Libya has been under intense pressure from Egypt, as well as the UN and the west, to hand over the suspects for trial. After a year of painful negotiations, Libya finally agreed last Friday to hand over its two accused agents for trial in the Netherlands by April 6 in a deal brokered by South African leader, Nelson Mandela, who has long been a friend of Khadaffi. The Libyan agents will be tried in the Netherlands under Scottish law.

The Libyans clearly feared their agents, once examined in court, would implicate higher-ups, no doubt including Abdullah Senoussi. If Libya's guilt were established, further sanctions might be slapped on Libya, and Col. Khadaffi totally discredited. But Libya is also desperate to escape sanctions which have isolated it and battered its economy at a time of falling oil prices.

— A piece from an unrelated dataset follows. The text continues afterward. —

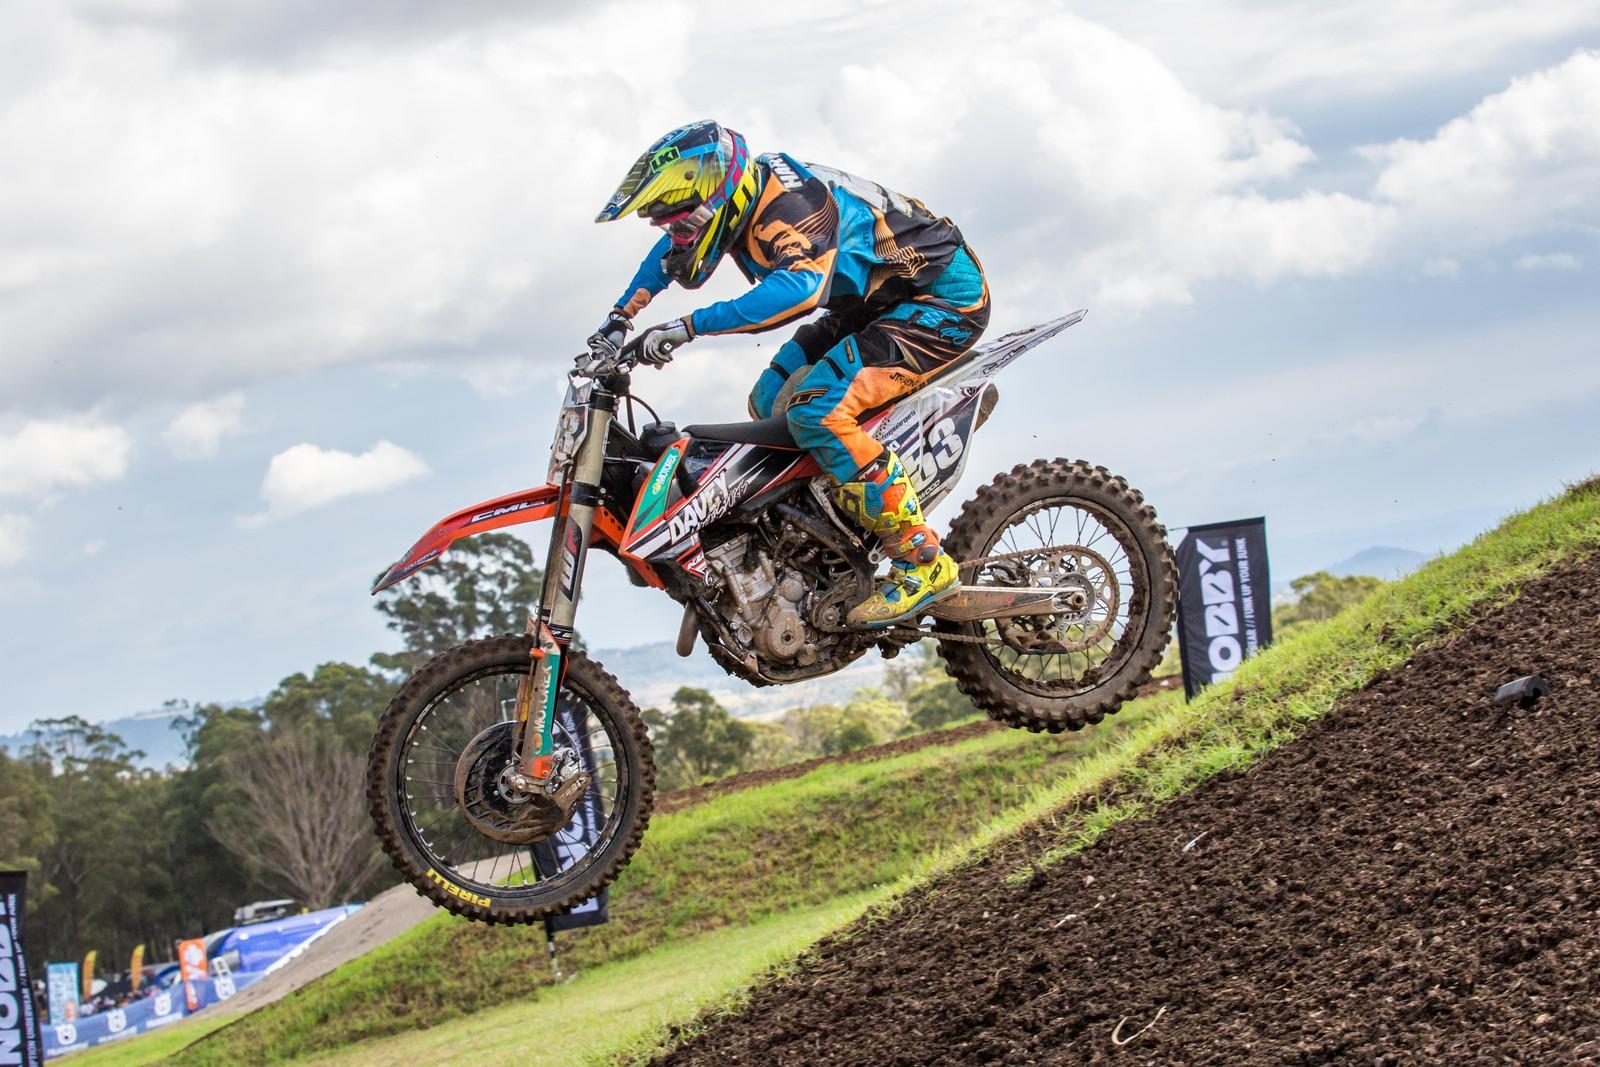 Hamish Harwood - Australian Motul Motocross Nationals Round 2, Appin - Motocross Pictures - Vital MX

Reinforcing suspicion of Libyan culpability, Libya's state press agency issued a curious statement: `Brother Guide (Khadaffi) has no political quality. He is the Guide of the revolution...The subject (the Lockerbie bombing) is within the attributions of the Foreign Ministry.'

Translation: `Khadaffi, as spiritual head of the Libyan state, knew nothing about airplane bombings. If there was a crime, it was done by the Foreign Ministry.'

So, Libya blamed the UTA bombing on its intelligence service. Now, the bumbling diplomats of Libya's hapless Foreign Ministry are apparently being blamed for the Pan Am crime.

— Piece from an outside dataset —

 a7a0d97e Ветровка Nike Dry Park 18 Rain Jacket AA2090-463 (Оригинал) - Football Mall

Col. Khadaffi seems to be throwing subordinates to the wolves who are relentlessly pursuing him and snapping at his heels. He is betting the west, which wants to resume business with oil-rich Libya, may be mollified by this token sacrifice, and let him off the hook. It's possible Khadaffi may not have actually sanctioned these plots, but as Brother Guide, the responsibility for these crimes stops right at his tent.

[Eric Margolis is a syndicated foreign affairs columnist and broadcaster based in Toronto, Canada.]